Anacondas or water boas are a group of large boas of the genus Eunectes. They are a semiaquatic group of snakes found in tropical South America. Two to four extant and one extinct species are currently recognized, including one of the largest snakes in the world, E. murinus, the green anaconda.

==Etymology==
The generic name Eunectes is derived from εὐνήκτης.

The South American names anacauchoa and anacaona were suggested in an account by Peter Martyr d'Anghiera. The idea of a South American origin was questioned by Henry Walter Bates who, in his travels in South America, failed to find any similar name in use. The word anaconda is derived from the name of a snake from Ceylon (Sri Lanka) that John Ray described in Latin in his Synopsis Methodica Animalium (1693) as serpens indicus bubalinus anacandaia zeylonibus, ides bubalorum aliorumque jumentorum membra conterens. Ray used a catalogue of snakes from the Leyden museum supplied by Dr. Tancred Robinson. The description of its habit was based on Andreas Cleyer, who in 1684 described a gigantic snake that crushed large animals by coiling around their bodies and crushing their bones.

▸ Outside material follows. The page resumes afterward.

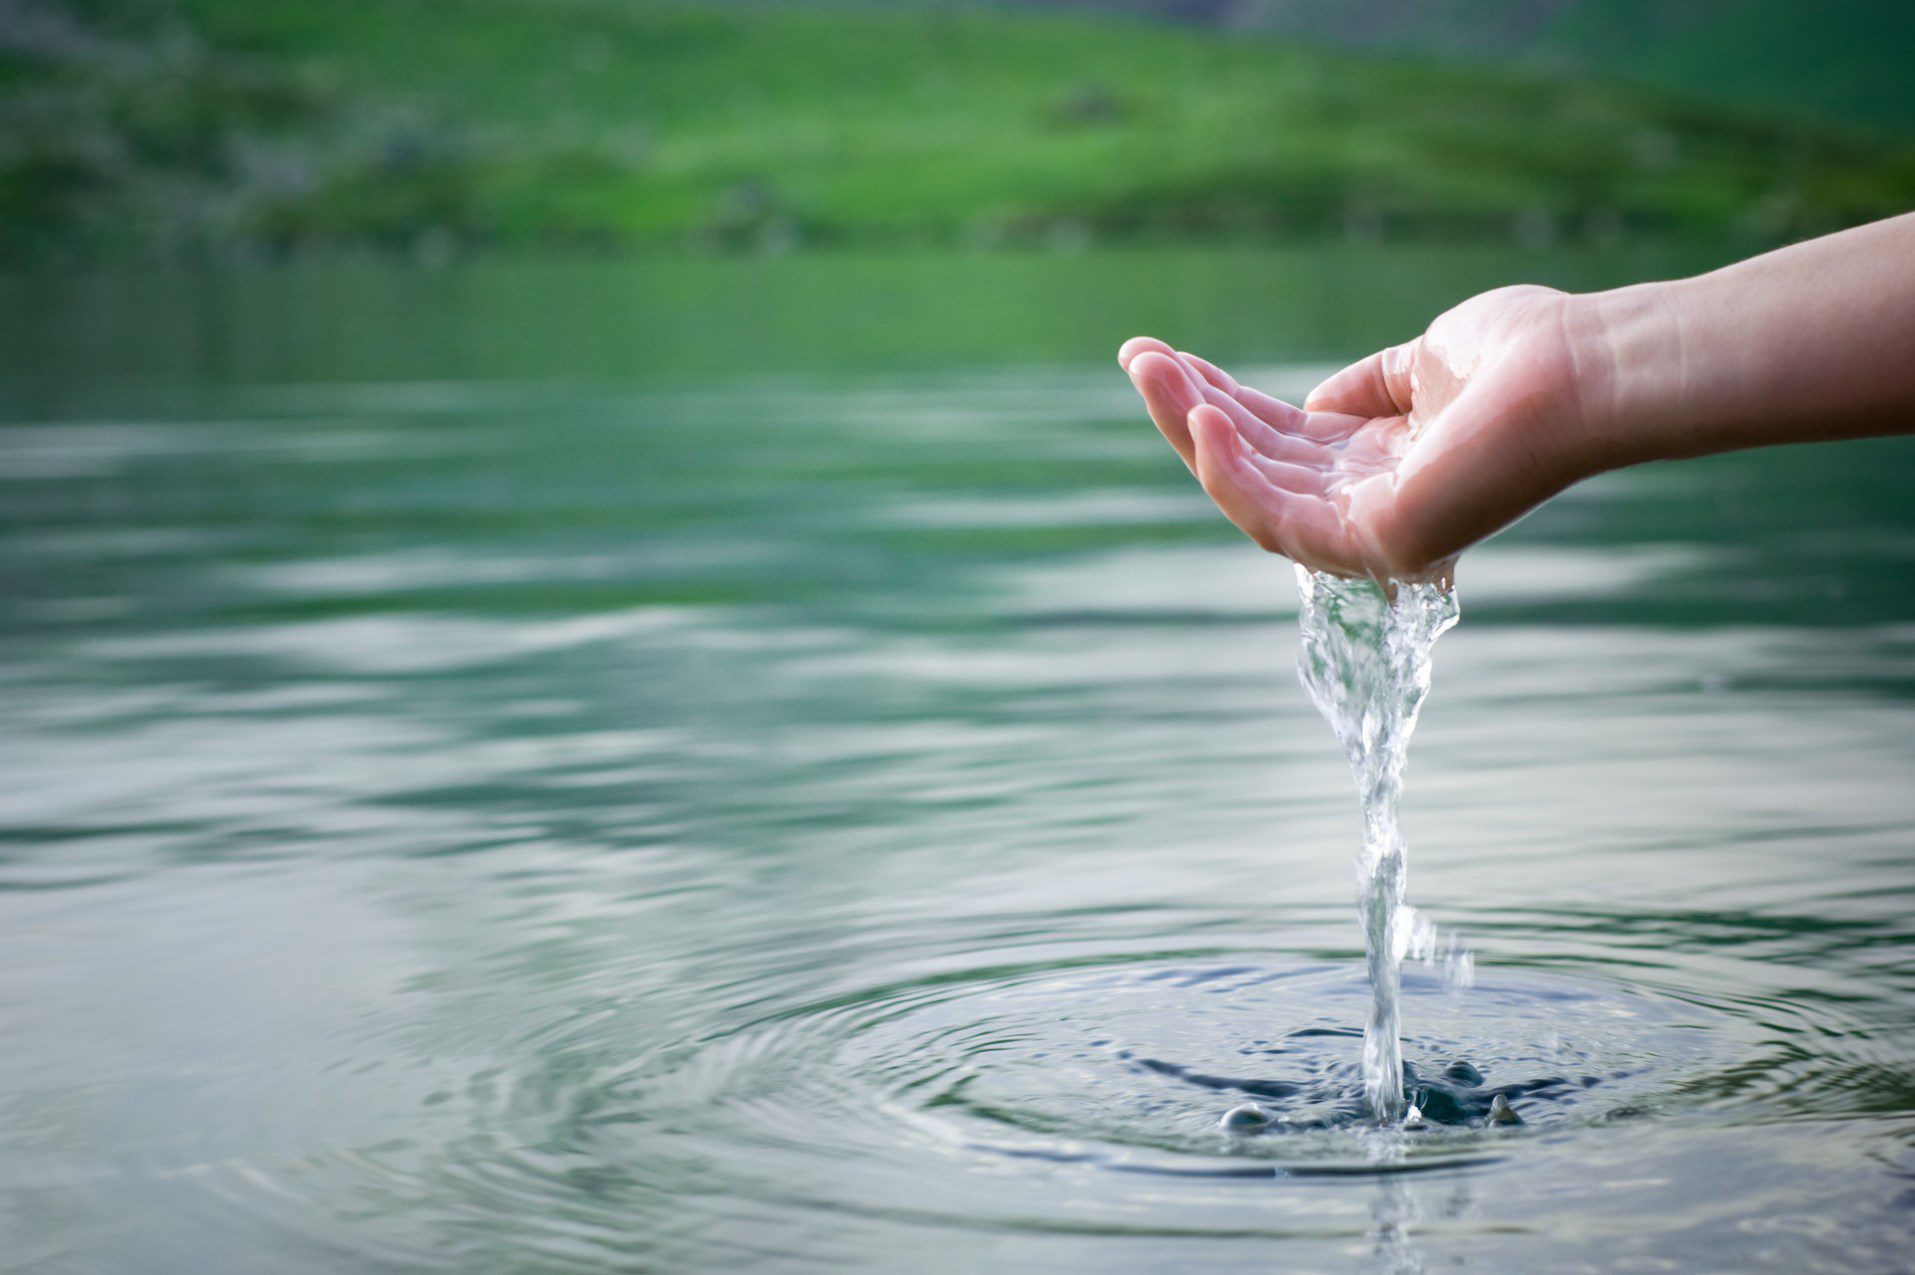 HomePure water filter ensures safe drinking water
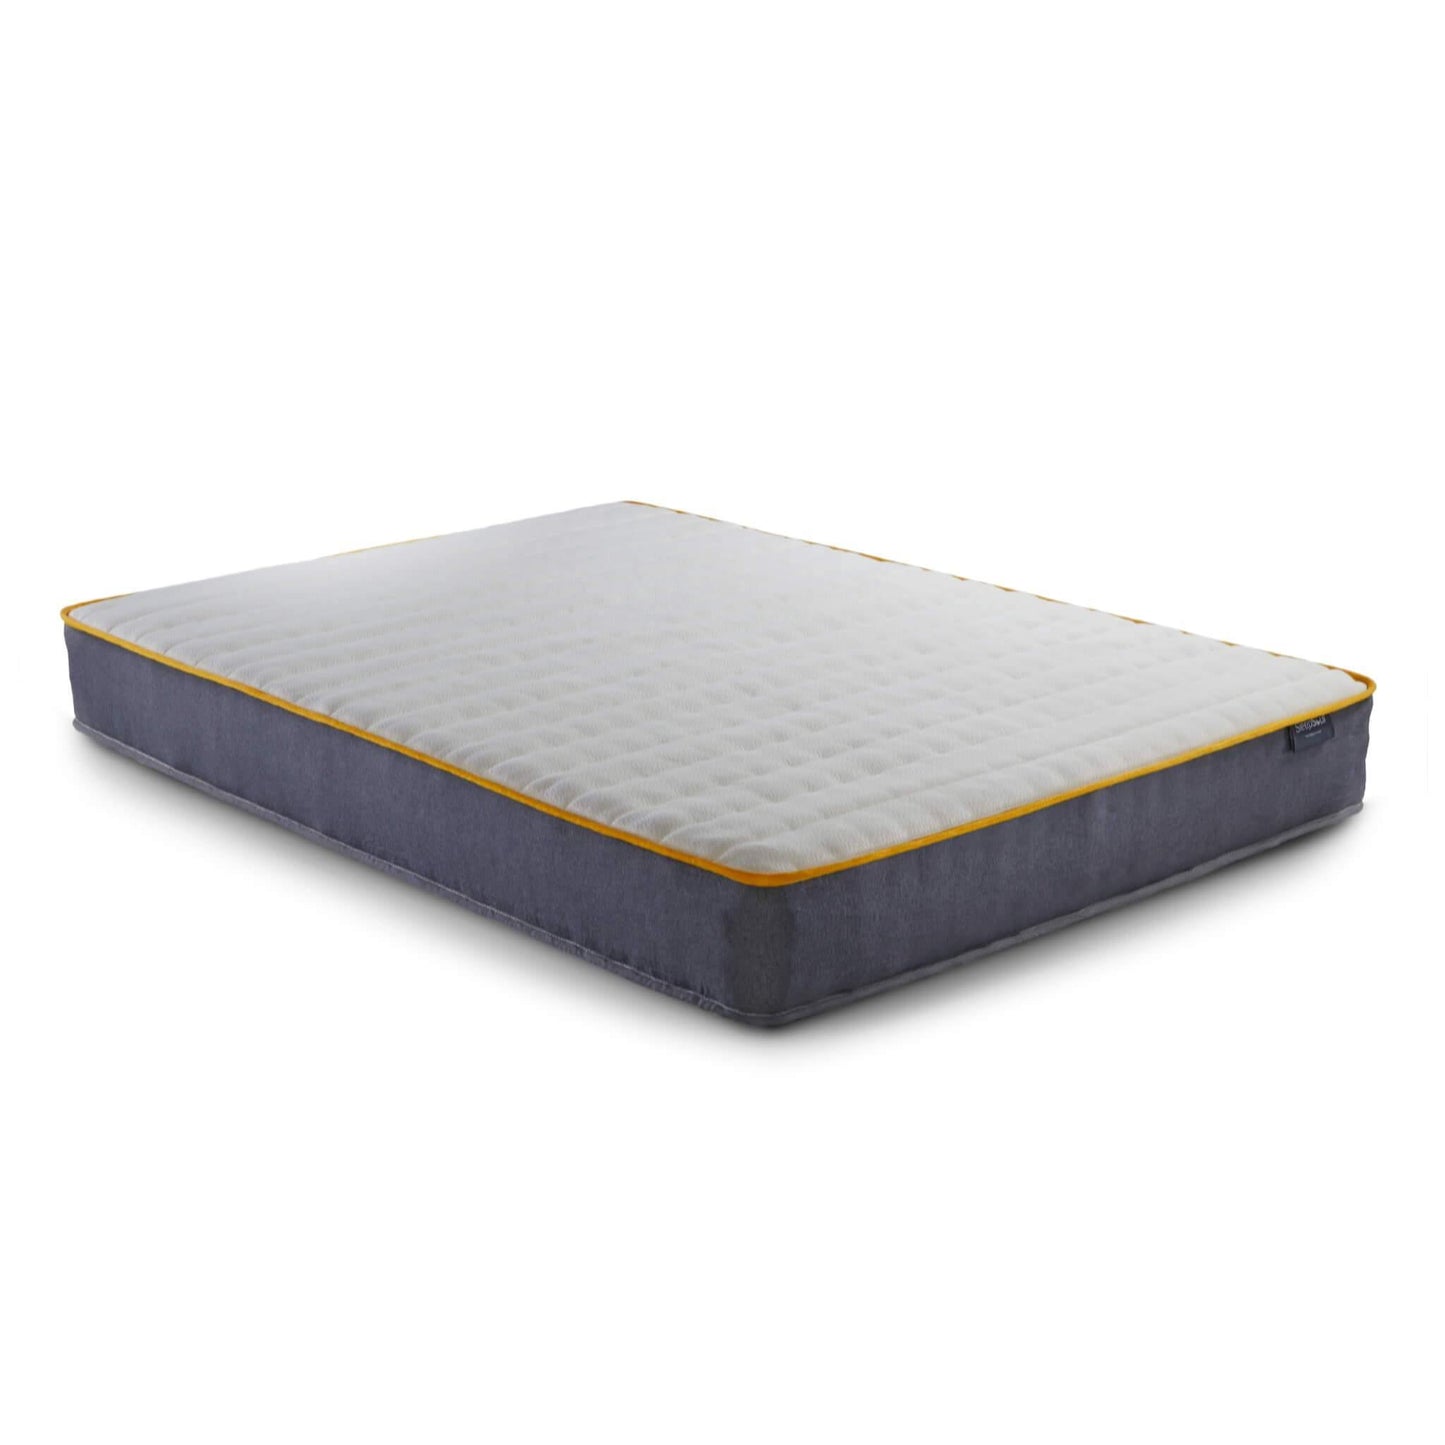 SleepSoul balance 800 pocket spring and memory foam small double mattress

Henry Yule in his 1886 work Hobson-Jobson, notes that the word became more popular due to a piece of fiction published in 1768 in the Scots Magazine by a certain R. Edwin. Edwin described a 'tiger' being crushed to death by an anaconda, when there were never any tigers in Sri Lanka. (Note: In South Asian languages like Hindi, the leopard and tiger may share the same name, that is Bágh (बाघ), and it is the former that occurs in Sri Lanka.) Yule and Frank Wall noted that the snake was likely a python and suggested a Tamil origin anai-kondra meaning elephant killer. A Sinhalese origin was also suggested by Donald Ferguson who pointed out that the word Henakandaya (hena lightning/large and kanda stem/trunk) was used in Sri Lanka for the small whip snake (Ahaetulla pulverulenta) and somehow got misapplied to the python before myths were created.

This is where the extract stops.